I whipped my earpods out. ‘Are you OK there, Clive?’ I asked.

He looked up, out of breath. ‘That bloody lift is out of service again,’ he said. I detected a wheeze in his voice.

‘Here. Let me take these bags up for you,’ I said.

‘You can’t manage them,’ he said.

‘Course I can. Come on, hand them over.’

Once his hands were free, he grabbed hold of the banister, hauling himself up the stairs behind me. I walked slowly so as not to make him feel as though he had to rush to keep up with me, and also because the bags were actually really heavy – I had no idea how he’d made it down from the village with them.

‘You should get your groceries delivered, you know,’ I suggested. ‘I can set it up for you if you like? Have you got a PC or a laptop?’

‘No, but I have got a smartphone,’ he said, his voice still strained. ‘Will that do?’

I waited for him on his floor. ‘Yes, that’s perfect.

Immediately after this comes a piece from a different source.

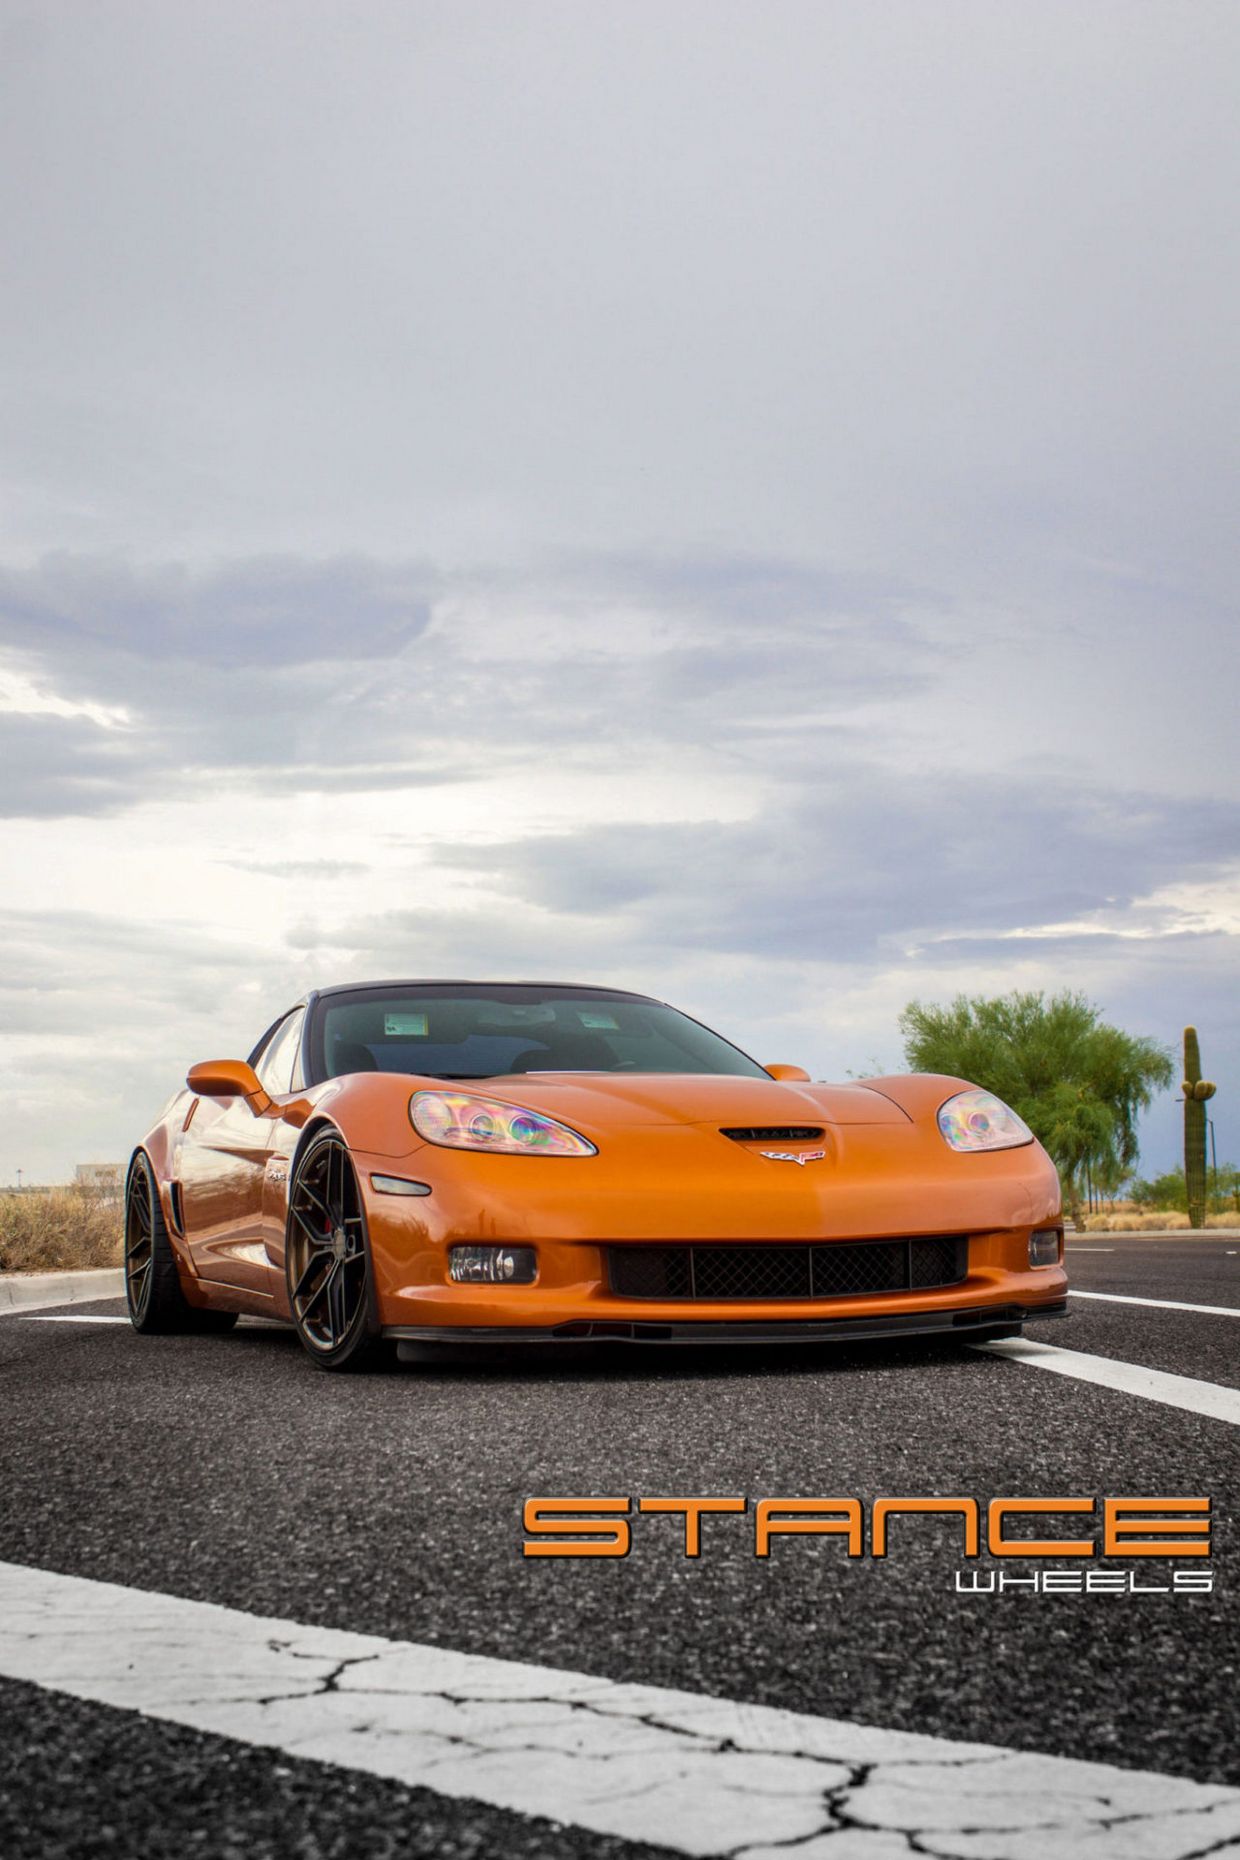 Stance SF03 on Chevy Corvette

Shall I pop in later this week, show you how to do it?’

He smiled at me, rubbing my arm. ‘I’d like that, thank you, Rebecca.’

‘Want me to take these inside for you?’ I asked, pointing at the shopping.

‘No, no, you leave them here on the doorstep. I can see you’re on your way out, I don’t want to keep you.’

I hesitated. ‘You’re sure you can manage?’

He waved me off. ‘I’ll be fine. You go and enjoy yourself now.’

‘I’m going for a run, Clive. Hardly riveting. But thanks,’ I said, starting off down the stairs again.

I looked up to see him bending down, hooking the handle of a bag over one frail wrist, bracing himself on the door frame just so that he could straighten up again. I had a mixture of emotions when I saw elderly people. I used to feel resentful sometimes, that they’d lived to be eighty or ninety and other people hadn’t. But the older I got myself, the less I felt like that. In fact, I looked up to these people who had survived a whole lifetime and had lived through events that we could only imagine and continued on in spite of it all.

Outside, it had started raining, but not badly enough to give me an excuse not to go. I pulled up my hood and set off at a slow jog, warming up my limbs. I couldn’t stop thinking about Clive, hoping he was managing on his own, wondering whether I should have helped him unpack his bags. Next time I was at Greenhill Lodge, I’d pick him up a brochure. I knew the older generation found it hard to have to give up their independence, their homes, but he might like it there, hosting poker nights in the games room, or whatever. Getting involved with all the activities. And Nan would love him.